In the process of acquiring a language, plenty of “passive vocabulary” tends to crop up. By “passive vocabulary” here, I don’t mean words that are positive or negative in tone or register — I mean words you hear often, and might even use yourself, yet rarely understand the actual meaning of. For a long stretch of time, the word “geili” (给力, roughly “awesome” / “powerful”) was exactly this kind of passive vocabulary for me. Thanks to the great Baidu Baike, I finally learned what it means: helpful, effective, flattering/face-giving.

Sites like Douban and Xiaonei all have a “friends’ recent activity” feature, usually placed right on the homepage. Once you log in, everything your friends have said, read, and taken an interest in is laid out in front of you. If the network is slow and the refresh isn’t fast enough, it often feels overwhelming just looking at it. Ever since I joined these social networks, I kept discovering more and more “geili” activities and journal posts… refreshing my various homepages over and over.

When I had nothing to do, I’d click around and look — this stuff really did seem geili. There were howls of rage after failed pickup attempts, personality quizzes categorizing people’s “interest” in sex, sexy celebrity photos designed to catch the public eye, and maybe, at the very end, you’d even spot some sharer’s parting line: “It’s all just floating clouds anyway.”

I’m not exactly slow to pick up trending slang, nor am I particularly numb to things, but the racket of geili-ness really doesn’t suit me, so I simply cut down on the kinds of “recent activity” I follow, sticking to books, films, and music, clicking into people’s pages just to enjoy their interests and opinions. But after doing this for a while, I noticed a rather “geili” problem of my own. A lot of so-called geili content is really just taking some piece of content to an extreme, then delivering it in popular, easily digestible rhetoric to draw attention to what is, underneath it all, a perfectly ordinary truth.
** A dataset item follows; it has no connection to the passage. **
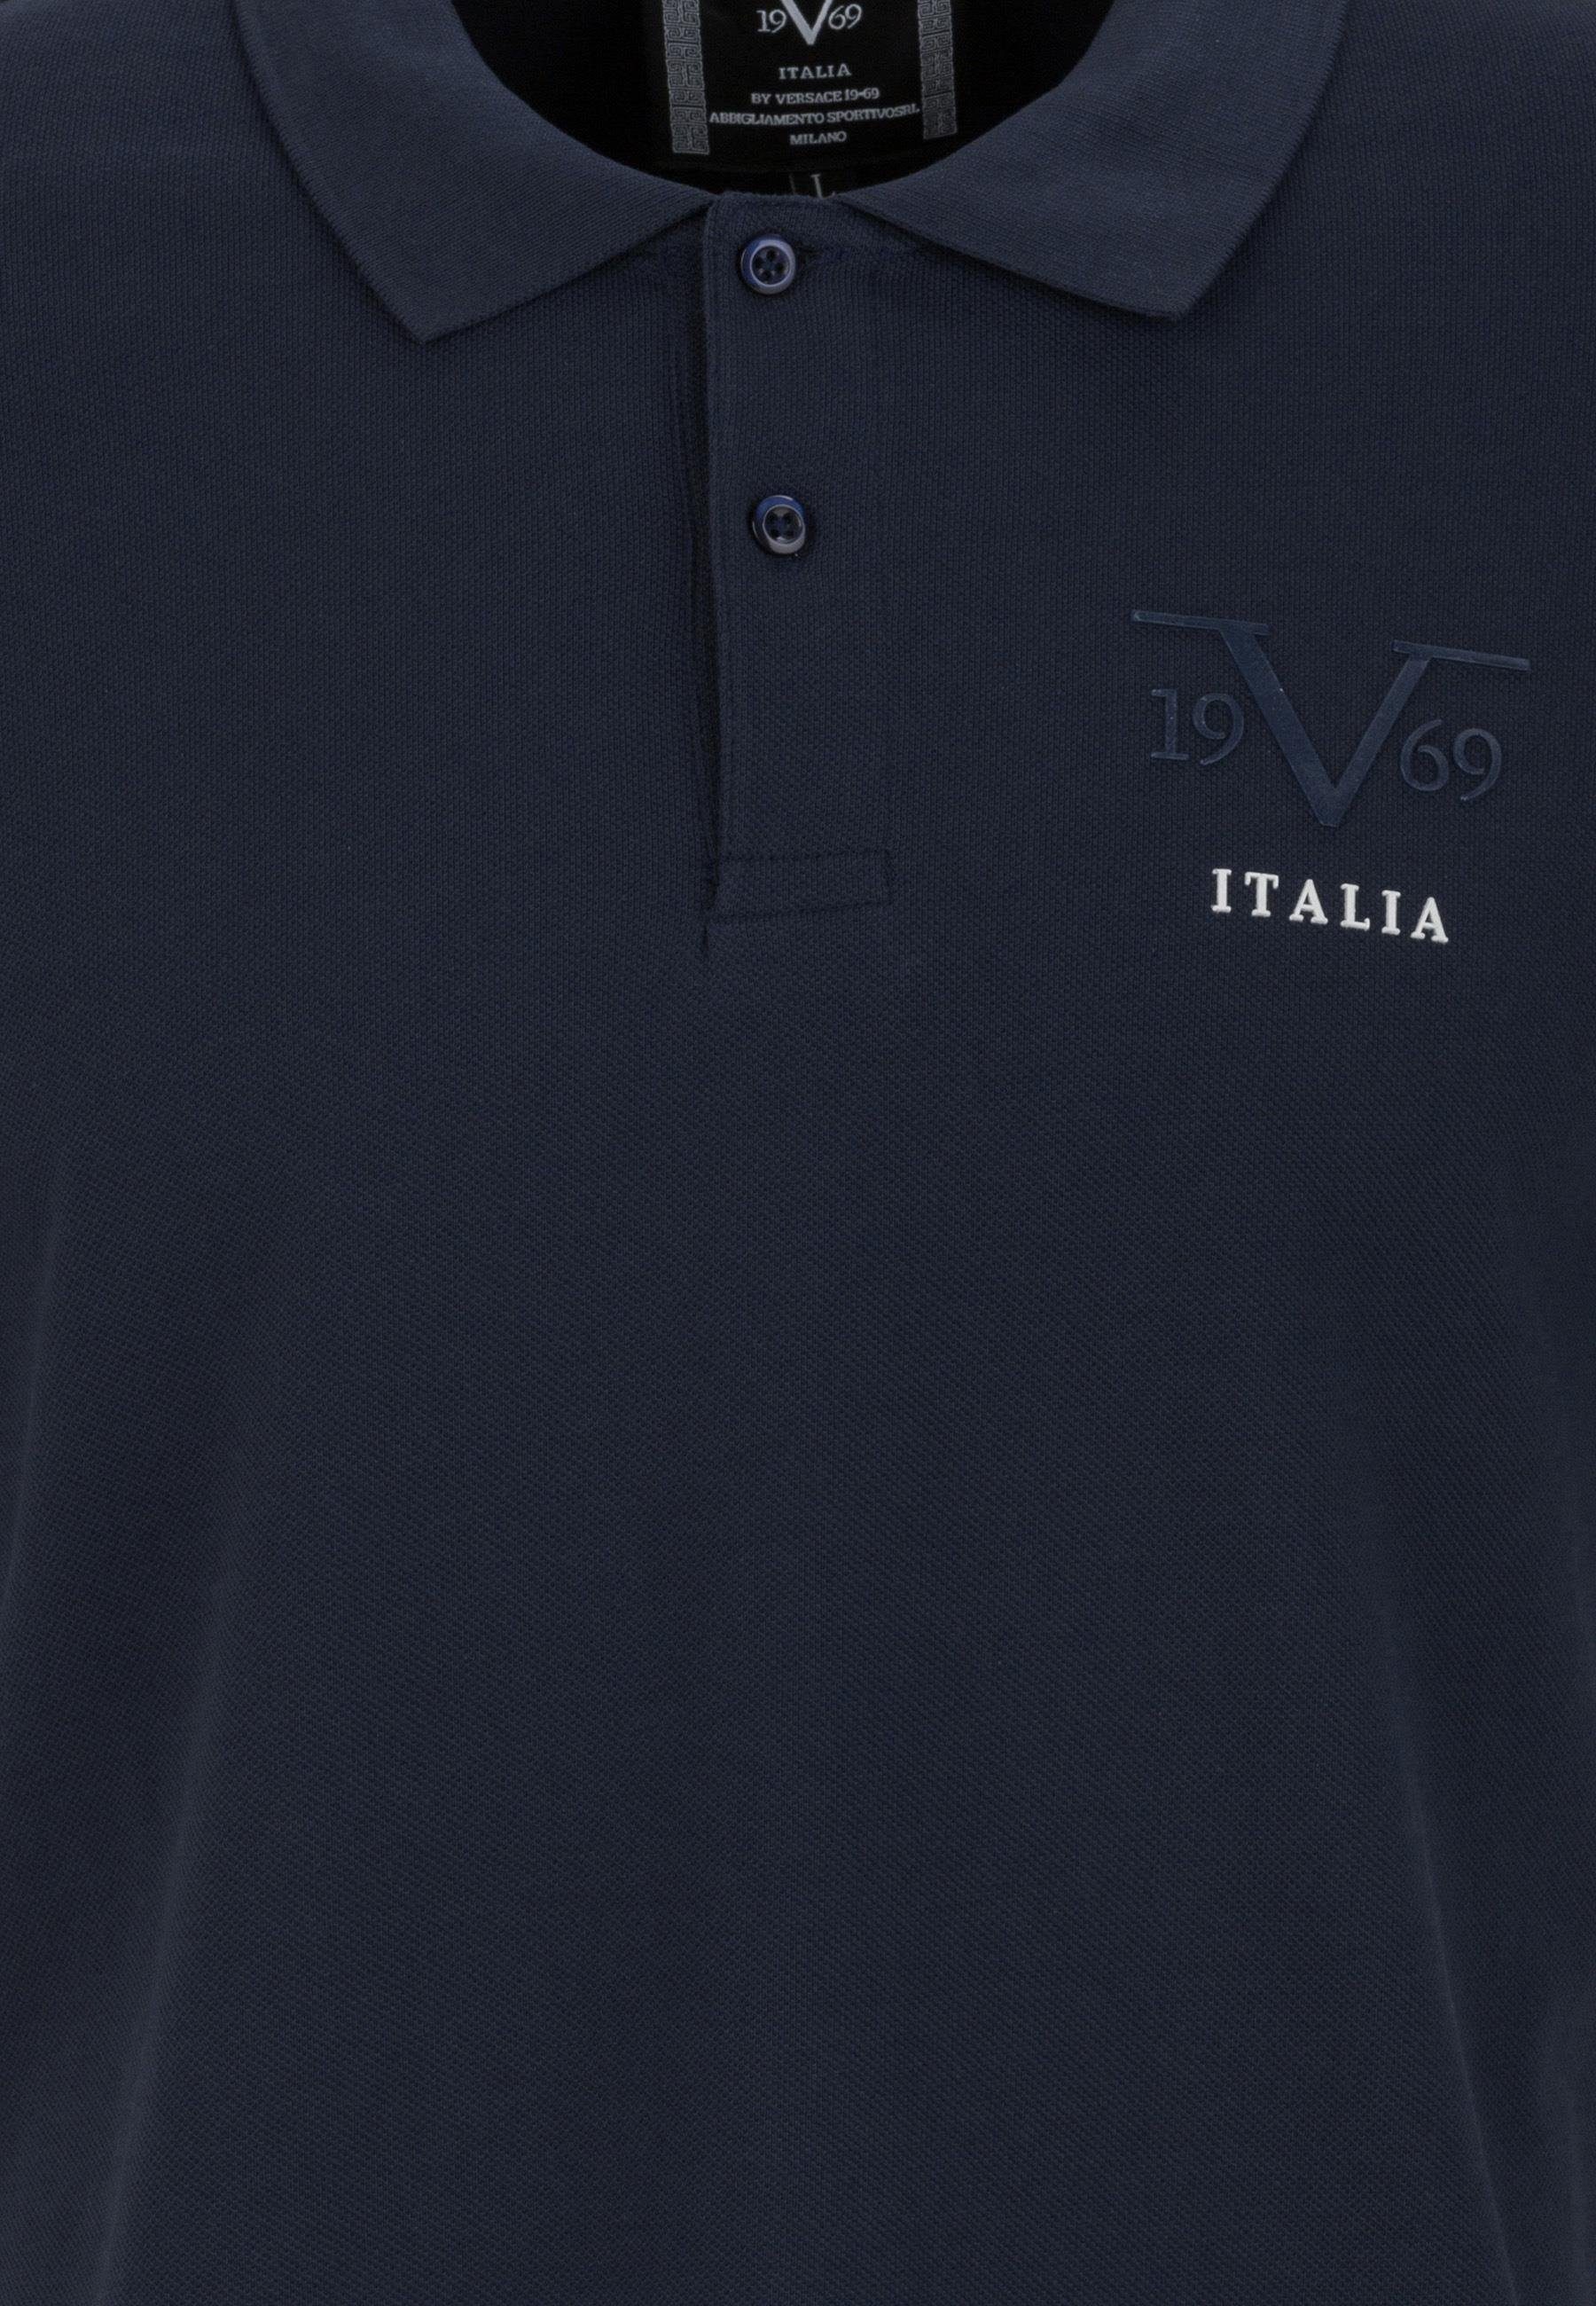 Versace Shirt Harry 19V69 T-Shirt Polo blau Italia by

This geili culture is like the vulgar, fast-food culture of the forum-photo era — pile after pile of exclamation marks, paragraph after paragraph of blank space, as if no amount of it could ever fill in the poster’s emptiness and loneliness. During National Day, there was that whole Xiaoyueyue forum thread — I started reading it happily enough, but honestly found it super boring. First, that was someone else’s private life (or possibly fake); second, that something like that could attract such intense attention felt, to me, really not geili at all.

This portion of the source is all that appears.